# hello newbie ...



## blueski (Dec 9, 2015)

i want to buy my first hand gun i can't decide ..home defense and range shooting,,,,i have a few choices can you help me to decide please..
1 walther ppq m2
2 Baby Desert Eagle III, 9mm, Polymer
3 walther p99
4 sig p320


----------



## BackyardCowboy (Aug 27, 2014)

Howdy and Welcome to the forum


----------



## Cait43 (Apr 4, 2013)

Sig Sauer makes quality weapons........


----------



## wirenut (Dec 16, 2015)

Welcome!!
Your post is a wide open question, so here is just my opinion.
I am old school never warmed up to the plastic fantastics, I prefer wood and steel.
I have a model 36 S&W j frame for my all around home defense and pocket carry.
I use a S&W model 59 for target/range use.
My advice to you is if you have access to a range that rents firearms, see what fits your hand and don't be a brand snob just because the brand is popular. 
I am sure there will be many experts to follow so listen well and have fun with your new found hobby!!


----------



## pblanc (Mar 3, 2015)

I have no experience with the Desert Eagle but based on the issues I have heard of getting service from Magnum Research, I would avoid it.

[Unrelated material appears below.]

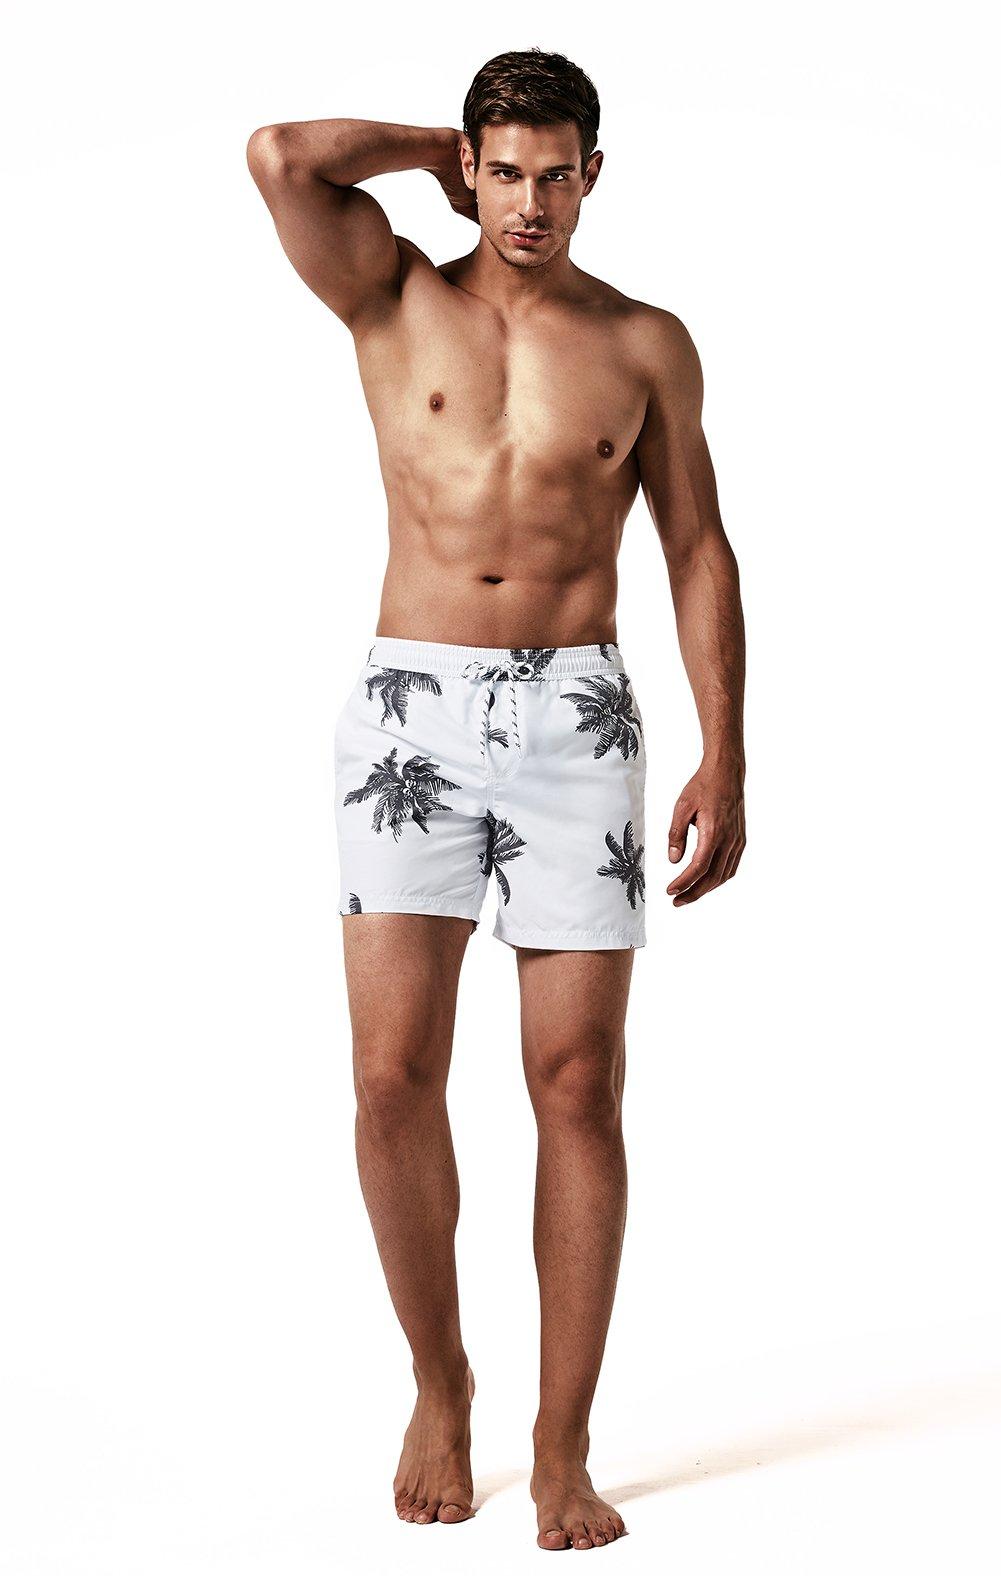 MaaMgic Uomo Costume da Bagno Nuoto Calzoncini Asciugatura Veloce per Spiaggia Mare Piscina 9 spesavip

I have not yet had an opportunity to shoot either a Walther PPQ or P99 but have handled a couple and they feel quite nice. They seem to have an excellent reputation among owners. I do own a full-sized SIG P320 chambered in .45 ACP and it is a pleasure to shoot. Probably the most accurate handgun I own and handles recoil very well. Excellent trigger. I prefer it to the HK VP9 which many seem to rave over.


----------



## AZdave (Oct 23, 2015)

Welcome from AZ! 
Since I have none of the mentioned weapons, I'll let others answer that one.


----------



## blueski (Dec 9, 2015)

i got a walther ppq ....i hope i like it


----------



## high pockets (Apr 25, 2011)

Of the four you listed, you made a good choice with the PPQ. The P99 would have been a good choice as well. I have never shot the P99, but it has a great reputation.

Not a SIG fan, they seem to be fairly lefty-averse.


----------



## CentexShooter (Dec 30, 2007)

Howdy from central Texas!


----------



## berettatoter (Sep 1, 2011)

blueski said:


> i want to buy my first hand gun i can't decide ..home defense and range shooting,,,,i have a few choices can you help me to decide please..
> 1 walther ppq m2
> 2 Baby Desert Eagle III, 9mm, Polymer
> 3 walther p99
> 4 sig p320


Personally, the Walther PPQ would be my choice.


----------



## DLYskes1976 (Sep 15, 2015)

Look into a Glock 19 as a option too

it'll give you home defense and range shooting....


----------



## TAPnRACK (Jan 30, 2013)

Welcome... Sig P320 all the way.


----------



## Kennydale (Jun 10, 2013)

From your Choices PPQ M2 or Sig P320 (NO Glock 17 or 19?)


----------